Unaware that he had even done so, Adam nodded.

xxxxxxxxxxxxxxx

That night, he couldn't sleep. His tiny apartment was cold but, trapped in a whirl of blankets, Adam felt ridiculously hot. A memory kept running round and round in his brain. Two small children, tangle-headed and deep in concentration as they lay on their stomachs, mapping out a world of their very own. A world that they could escape to. What had they called it? Adam dug deeper. Yes - of course. Camelot. After the stories that his sister loved so much.

His sister.

Giving up on sleep altogether, he slipped out of bed. 3:00, screamed the glowing numbers that haunted his bedside table at night.

"Thanks so much for reminding me," groaned Adam. Sleep was a constant problem. His brain was always trying too hard - sometimes to remember, and sometimes to forget.

That was why he kept the important memories somewhere else. In case his thoughts became so muddled that they were lost forever, out of reach. He crossed to the closet and opened the door, stretching up on his toes as he searched with his fingers overhead. At last, he found what he was looking for. A little box, no bigger than a storybook. Lifting it down with exaggerated care, he sat on the floor and crossed his legs like a child. When he opened the lid, the box began to play a delicate tune in a minor key. He didn't know its name - had never known it, really. For him, it would always be 'Alice'.

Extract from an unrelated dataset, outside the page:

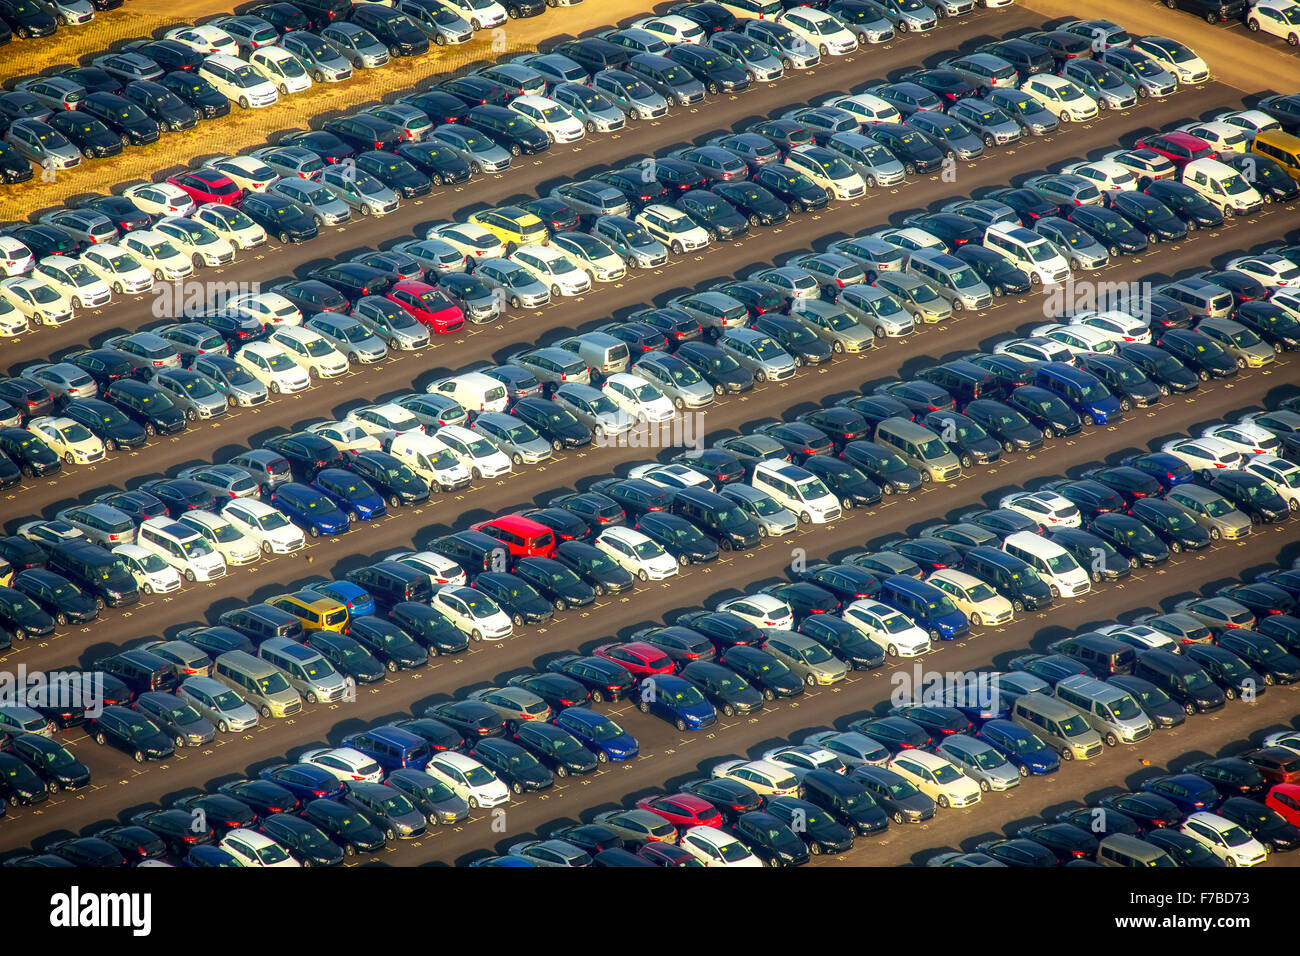 Auto-Importeur, Autohandel, großer Parkplatz, Autoverkauf, Neuwagen, Auto Lager, Autoimport EU Wagen Reimport Auto Händler Auto Stockfotografie - Alamy

Adam closed his eyes. Trembling fingers caressed the wood as the tune wore down into silence. He hadn't looked inside the box for over a year. Feeling guilty, he made the same old excuses. I don't need to look inside it. I just need to know it's there. Her memory, kept safe.

Blue eyes wide now, he held his breath and dipped his fingers into the jumble of treasures - beaded bracelets, plastic rings, folded map of Camelot - sifting through until he came to the thing he had been searching for all along.

A tiny figure, carved in wood and dressed with care in a gown made from scraps and ribbons. Framing her face was a delicate cap of painted russet curls. Pinprick eyes stared back at him, unblinking, as if to say thank you for rescuing me. She was a lucky charm of sorts, passed down from mother to daughter, and left behind at last in the hands of a son.

Closing the box with a sudden, awkward movement, Adam took the doll and slipped it furtively into his bag.